Metadata-Version: 2.1
Name: keras_spark
Version: 0.99
Summary: seamless support for spark datasets in keras .fit() and .predict()
Author: christian sommeregger
Author-email: csommeregger@gmail.com
Description-Content-Type: text/markdown
License-File: LICENSE.txt
Requires-Dist: pandas (==2.1.1)
Requires-Dist: pyarrow (==7.0.0)
Requires-Dist: tensorflow (<=2.12.0)
Requires-Dist: petastorm
Requires-Dist: s3fs

# Spark-Keras Integration

This package enables seamless integration of PySpark DataFrames with Keras models, allowing users to efficiently train and predict using distributed data.

## Quickstart Guide

### Setting Up the PySpark DataFrame

Start by creating a PySpark DataFrame as shown below:

```python
import pandas as pd
from pyspark.sql import SparkSession
import tensorflow as tf

# Initialize a Spark session
spark = SparkSession.builder.appName("spark_keras").getOrCreate()

# Create a PySpark DataFrame
spark_df = spark.createDataFrame(
    pd.DataFrame({
        "feature1": tf.random.normal([100]).numpy().tolist(),
        "label1": tf.random.normal([100]).numpy().tolist(),
        "partition_id": [0 for _ in range(100)]
    })
)
```

### Training and Predicting with KerasSparkModel

You can fit and predict with `KerasSparkModel` using the standard Keras API:

```python
import tensorflow as tf
from keras_spark.models import KerasSparkModel as Model

# Define the Keras model
input_layer = tf.keras.Input(shape=[1], name="feature1")
output_layer = tf.keras.layers.Dense(1, name="label1")(input_layer)
model = Model(input_layer, output_layer)
model.compile("adam","mean_squared_error")

# Train the model using the PySpark DataFrame
model.fit(spark_df, batch_size=10, epochs=100,partition_col="partition_id")

# Use Spark for distributed scoring on the PySpark DataFrame
predictions = model.predict(spark_df).select("model_output.label1")
```

## Important Considerations

1. **Naming Conventions:**
    - *Input Names*: Each Keras input must have a specified name that corresponds to the respective PySpark DataFrame column.
    - *Output Names*: Output names are inferred from the Keras output layers and must match the PySpark column names if using `.fit()`.

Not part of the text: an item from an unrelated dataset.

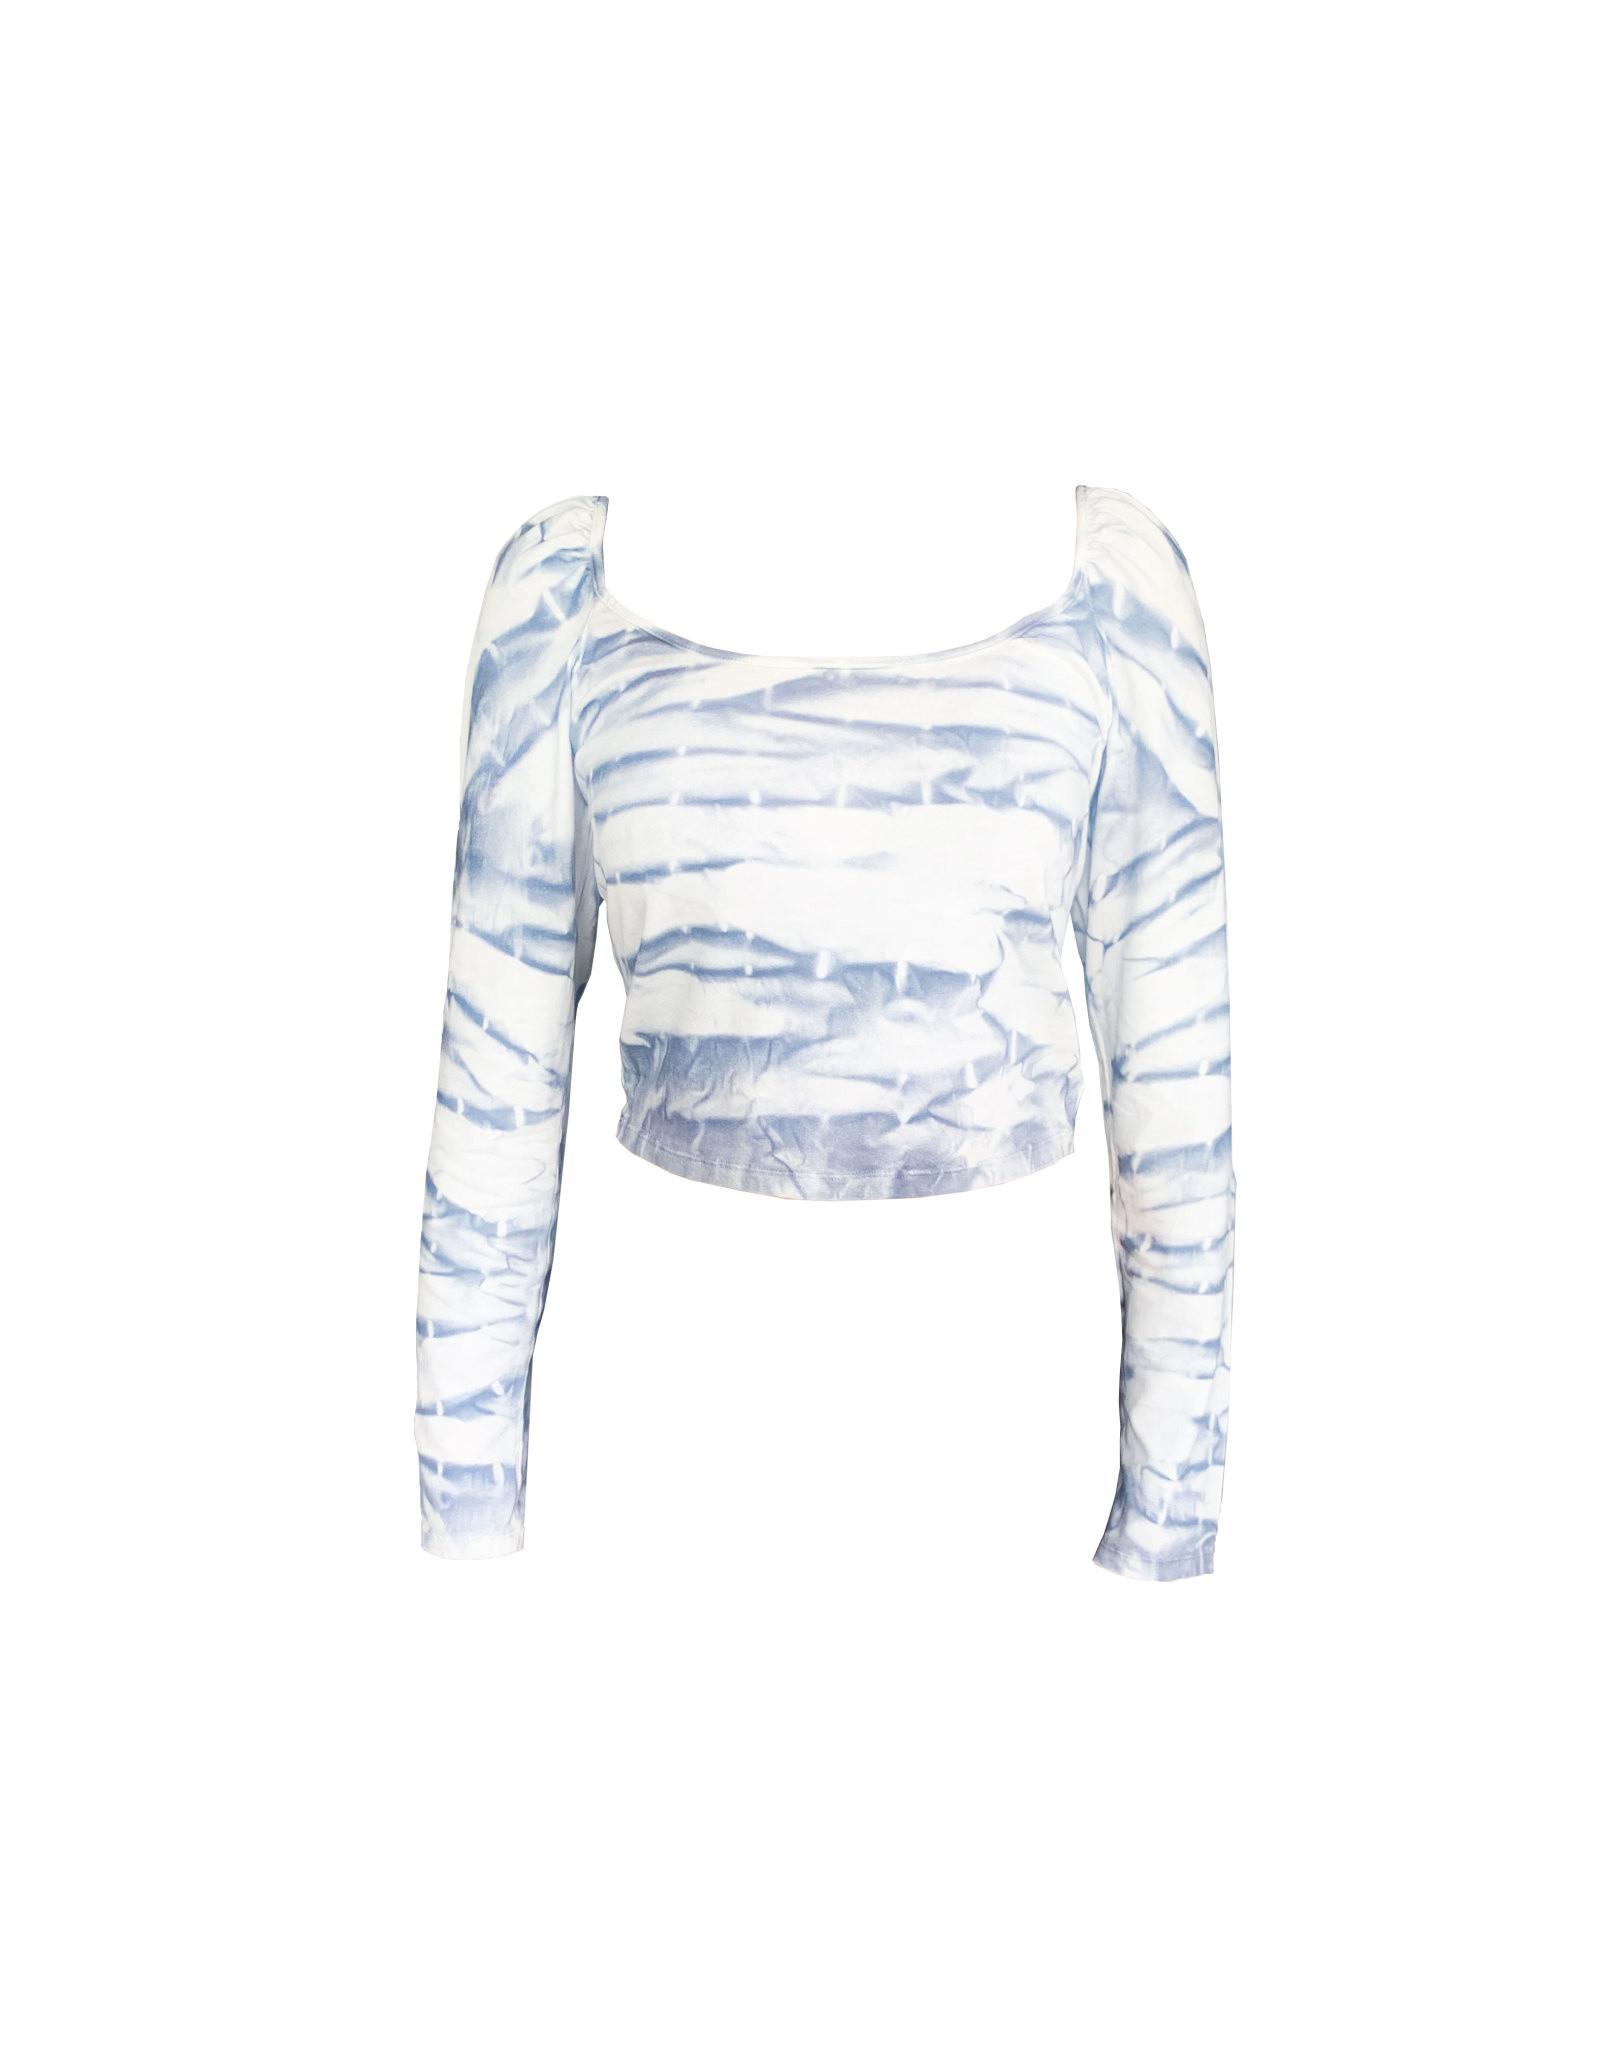 NA-KD NA-KD  Tie Dye Long Sleeve  Top SizeL
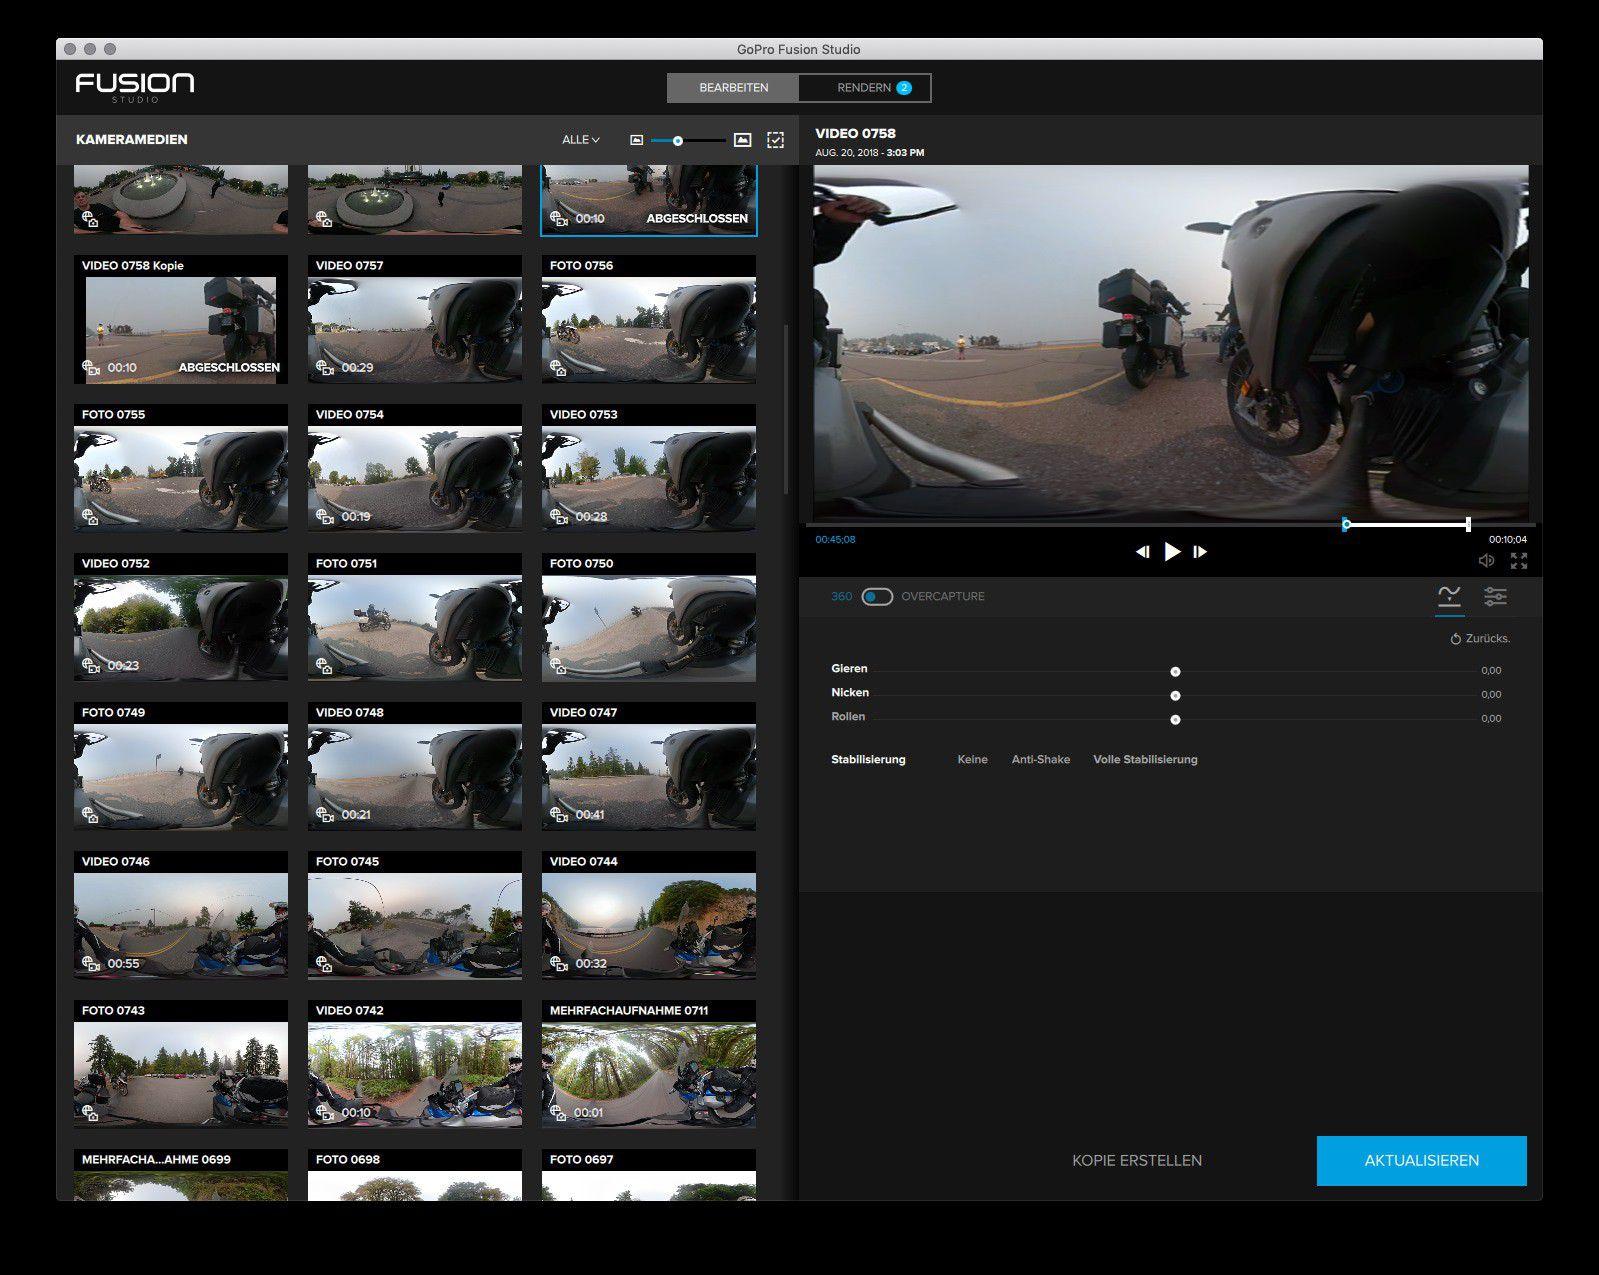 GoPro Fusion im Test: Faszination 360-Grad-Video - Macwelt

2. **Data Type Compatibility:**
   - Ensure that the data types of Keras inputs and the corresponding PySpark columns are compatible.

3. **Partitioning Requirements:**
   - The PySpark DataFrame must include a `partition_id` column, with values ranging from `0` to `nr_partitions`.
   - Choose `nr_partitions` carefully to ensure that the Spark driver can handle the workload.
   - Parallel processing of partitions is handled using `.interleave()`, with the degree of parallelism set by `num_parallel_calls`.

4. **Prediction Output:**
   - The `.predict()` method generates an additional *struct* column named `model_output`.
   - To access specific outputs, reference them using their keys, e.g., `model_output.label1`.

5. **Keras Version:**
   - This package is compatible with Keras version 3.0 and above. 

This integration empowers users to leverage distributed data processing with PySpark while taking full advantage of Keras's deep learning capabilities.